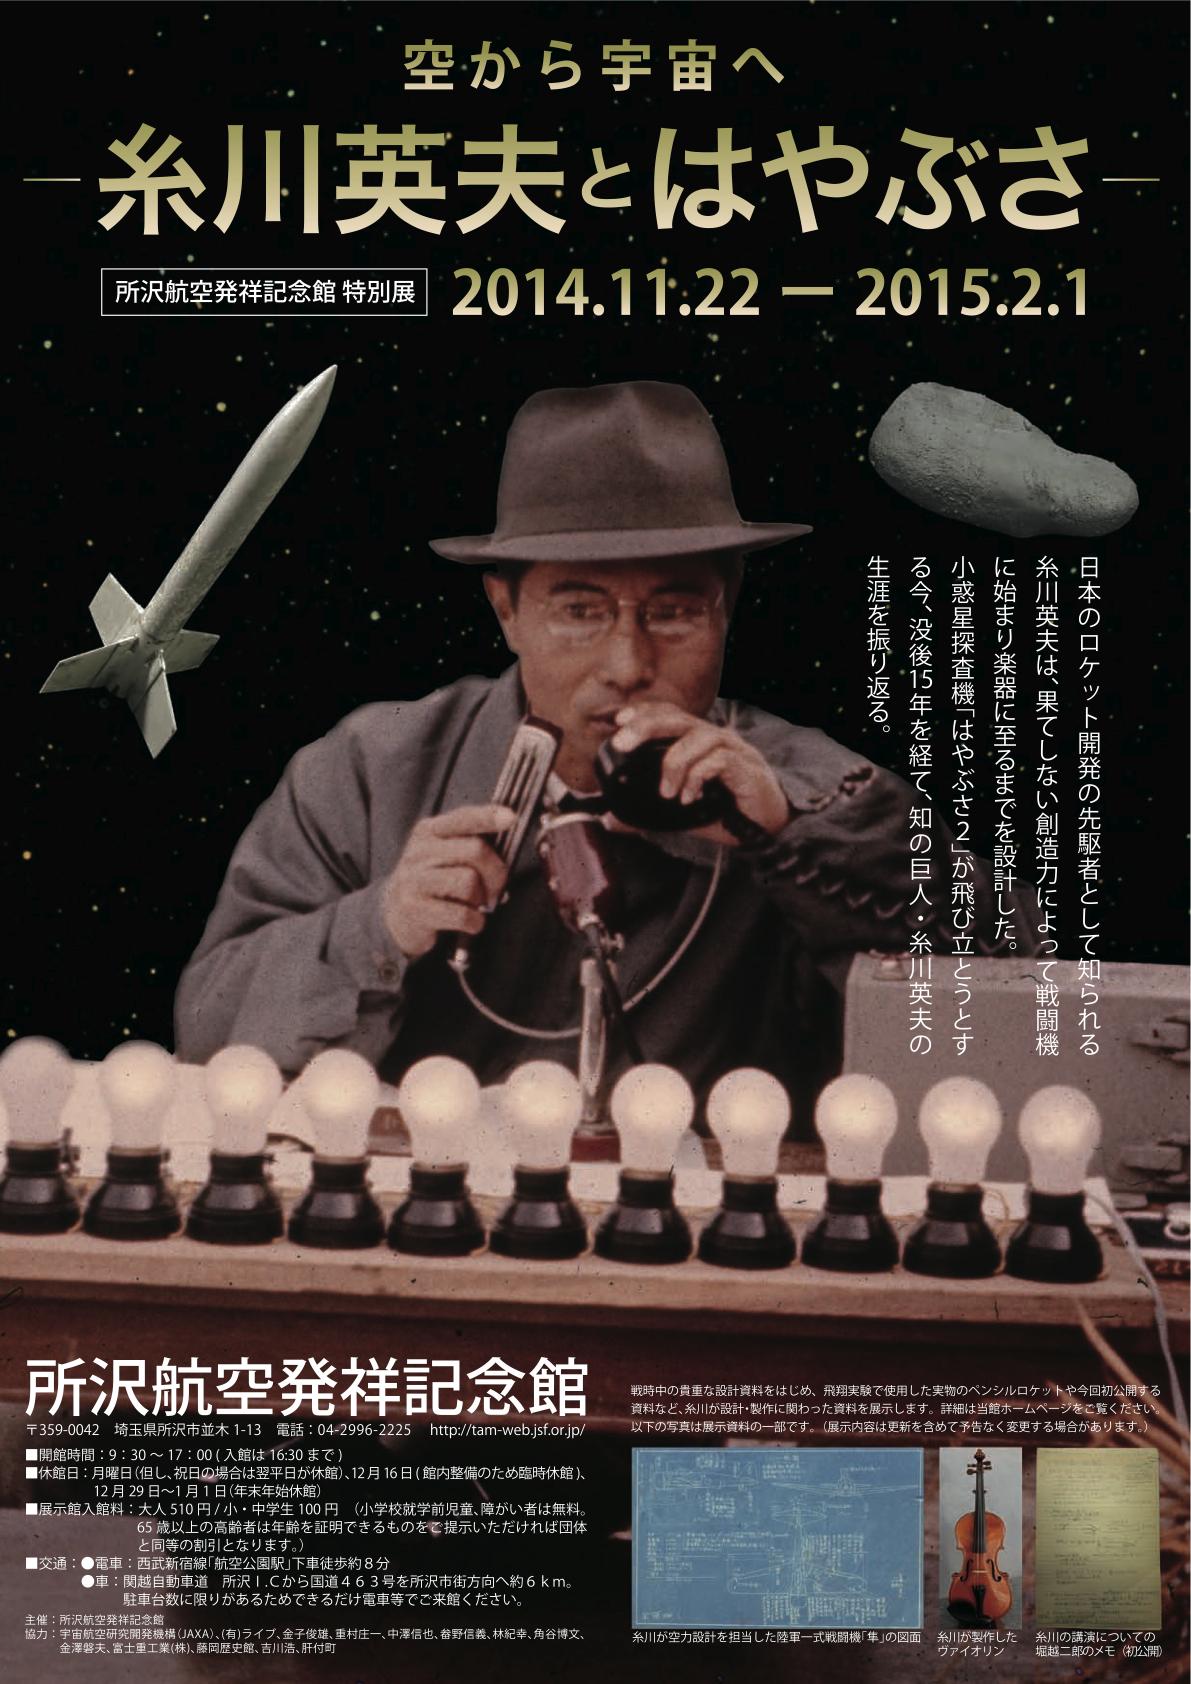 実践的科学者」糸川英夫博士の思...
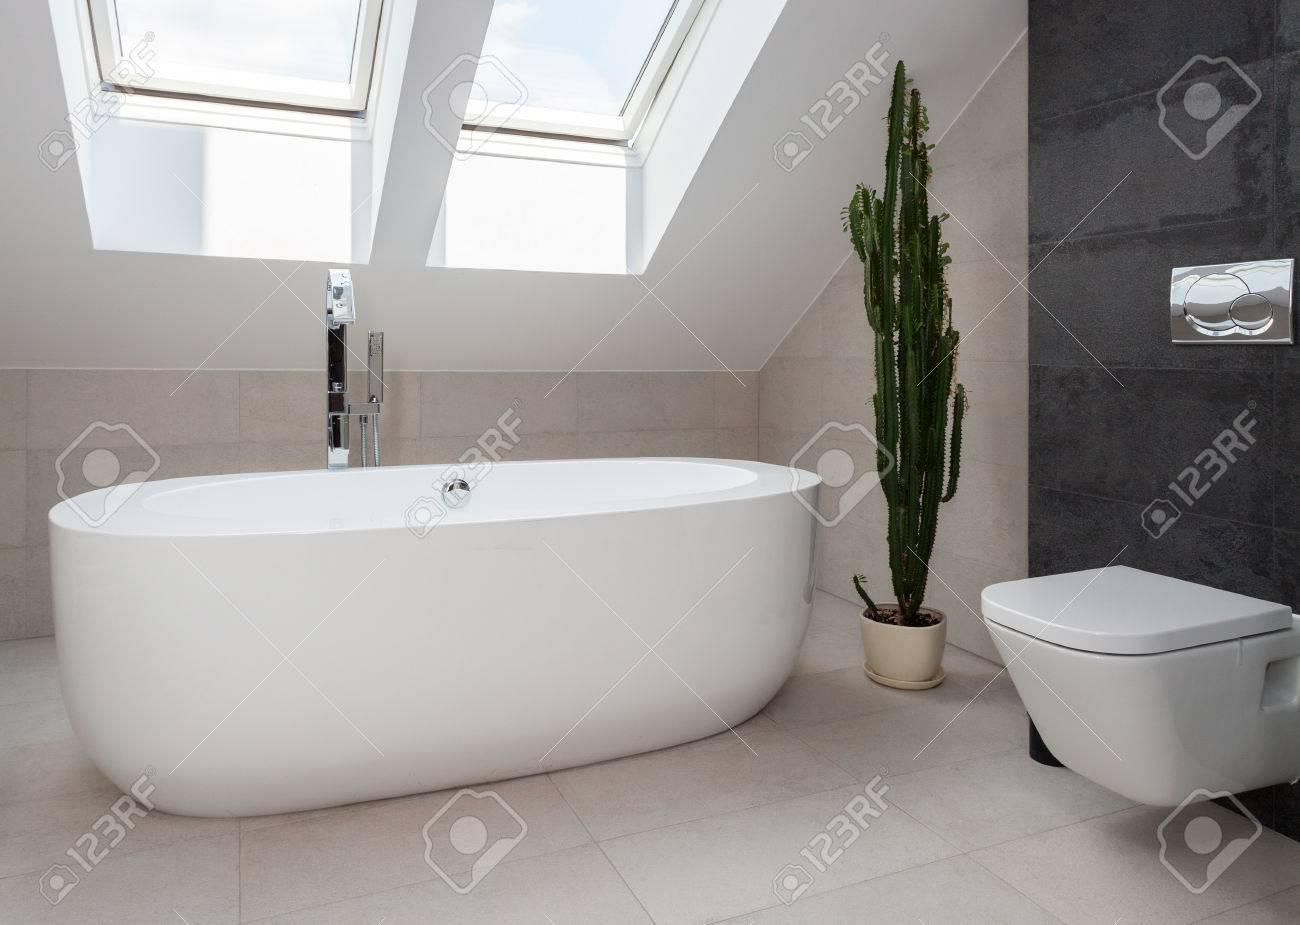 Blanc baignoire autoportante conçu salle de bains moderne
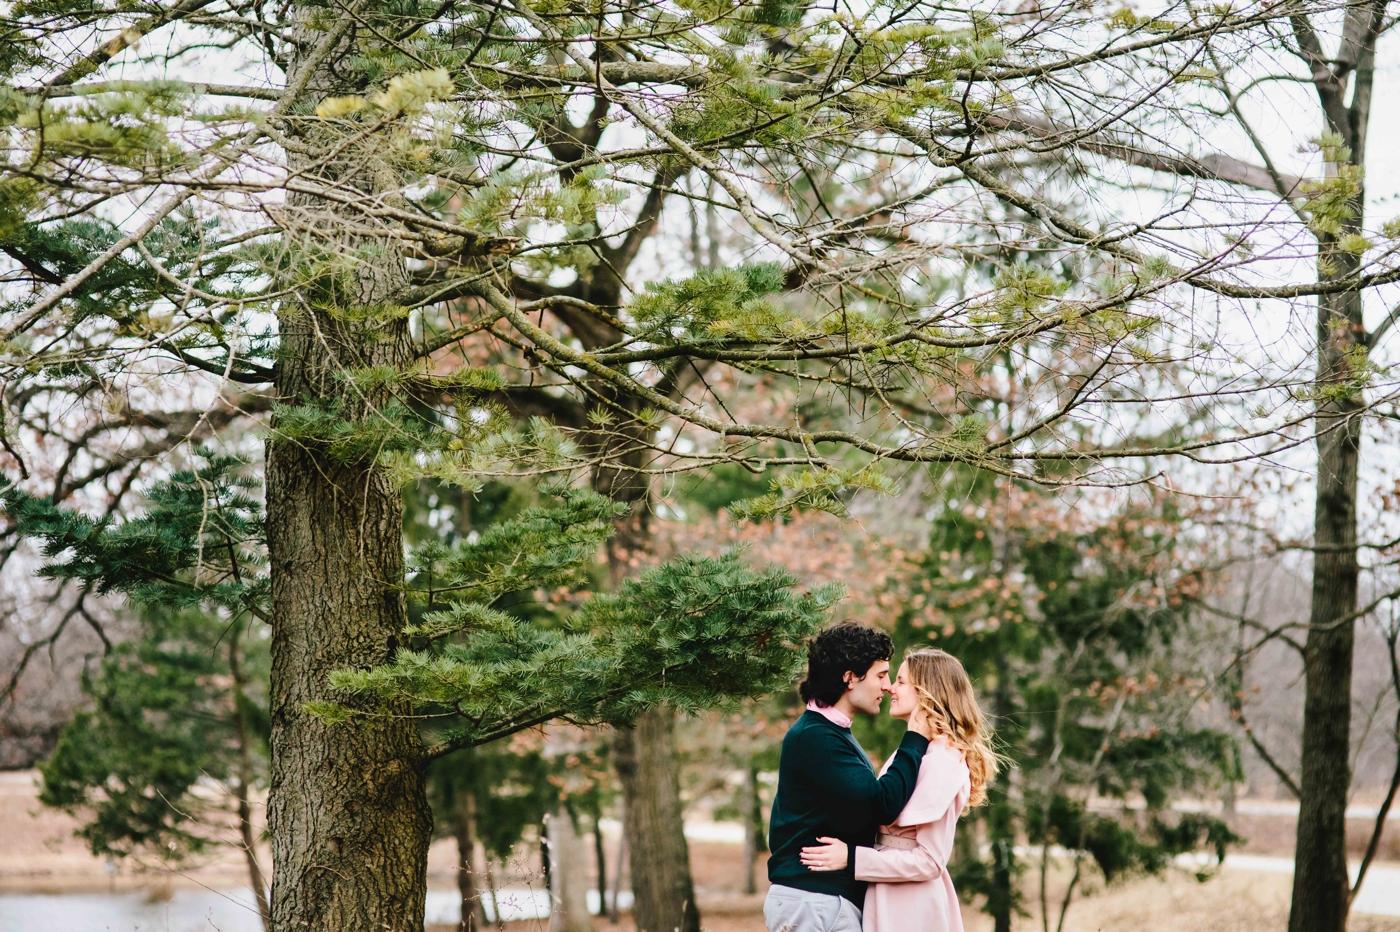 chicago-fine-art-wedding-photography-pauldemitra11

_ _ _ _ _

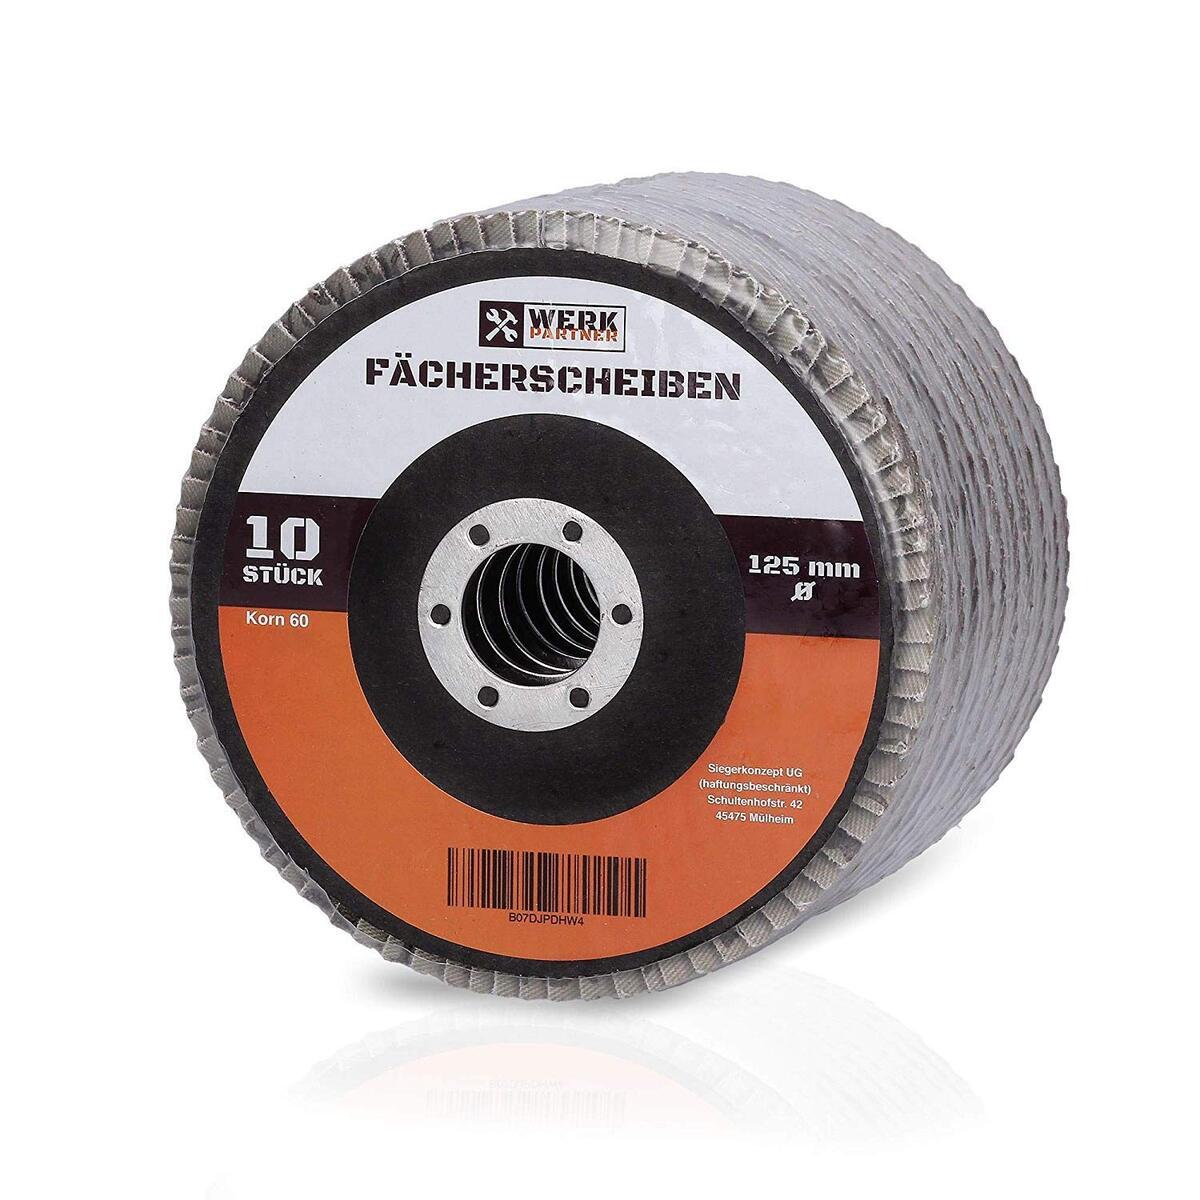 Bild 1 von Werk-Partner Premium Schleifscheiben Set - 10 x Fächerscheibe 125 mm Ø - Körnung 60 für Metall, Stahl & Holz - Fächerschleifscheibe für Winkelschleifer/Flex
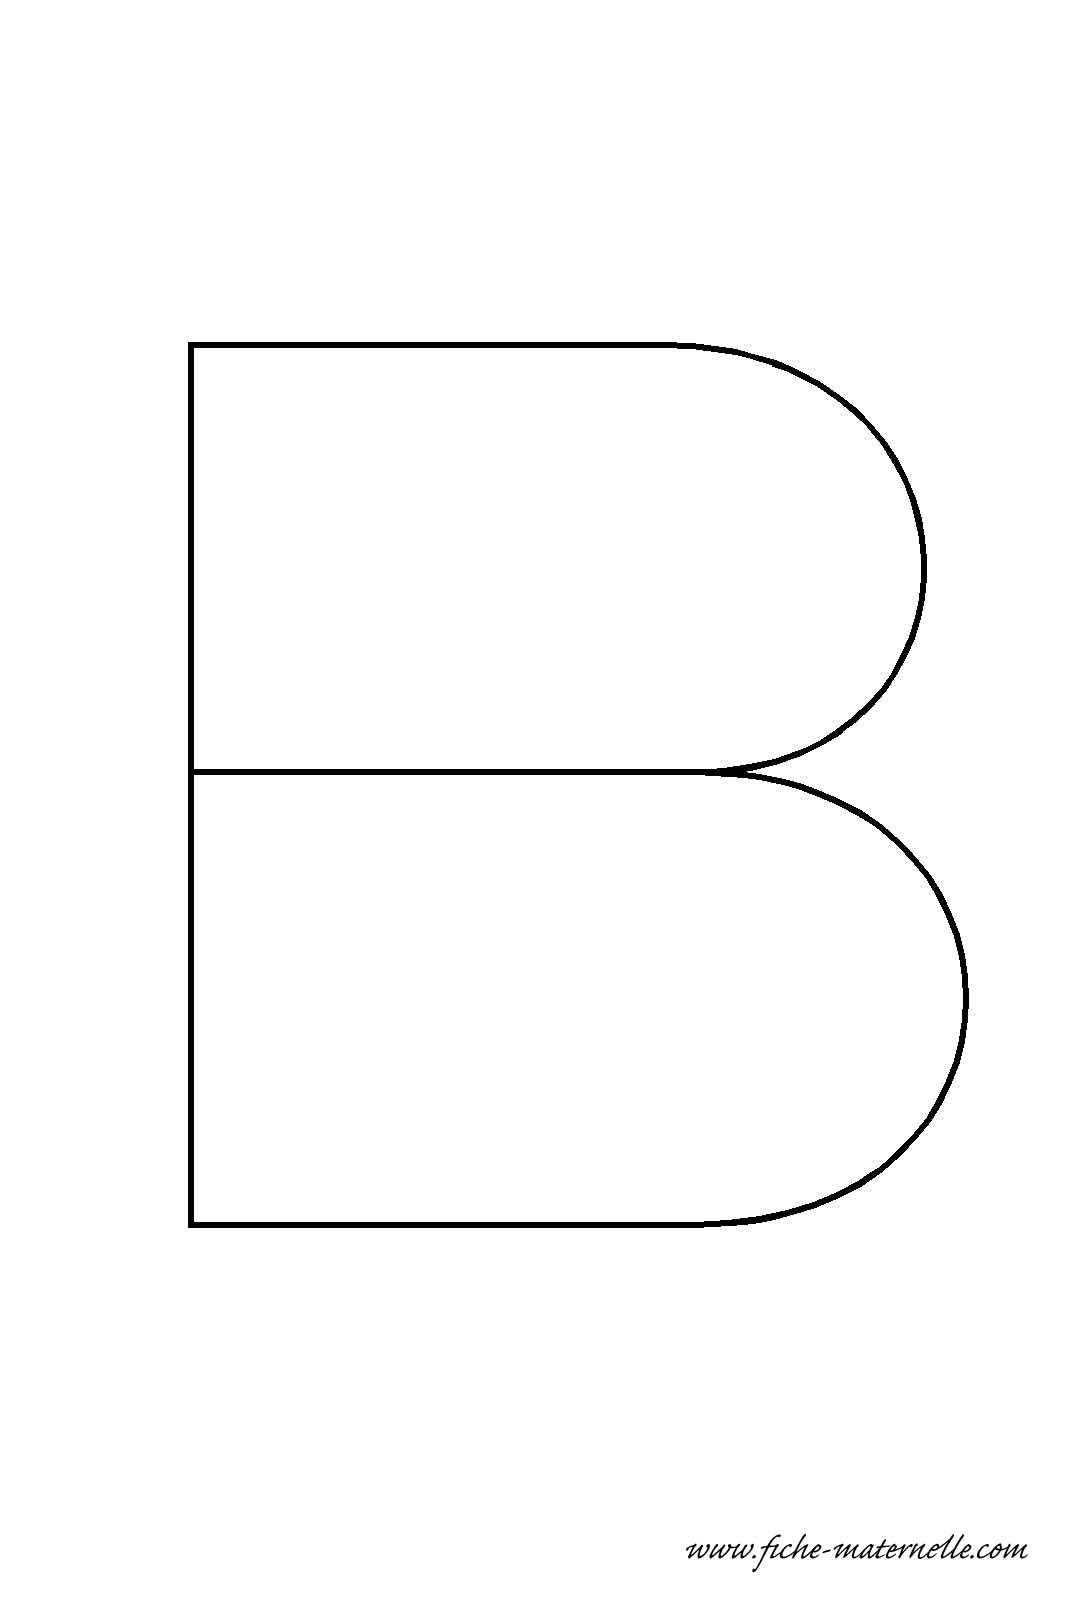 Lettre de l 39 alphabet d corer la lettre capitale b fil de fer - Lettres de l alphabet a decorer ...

_ _ _ _ _

ACTION ITEM:
Between and including the line above that contains "実践的科学者」糸川英夫博士の思..." and the line that contains "chicago-fine-art-wedding-photography-pauldemitra11", restate every line word for word. Pictures stay out.

RESPONSE TO THE EXERCISE:
 実践的科学者」糸川英夫博士の思...
 Blanc baignoire autoportante conçu salle de bains moderne
 chicago-fine-art-wedding-photography-pauldemitra11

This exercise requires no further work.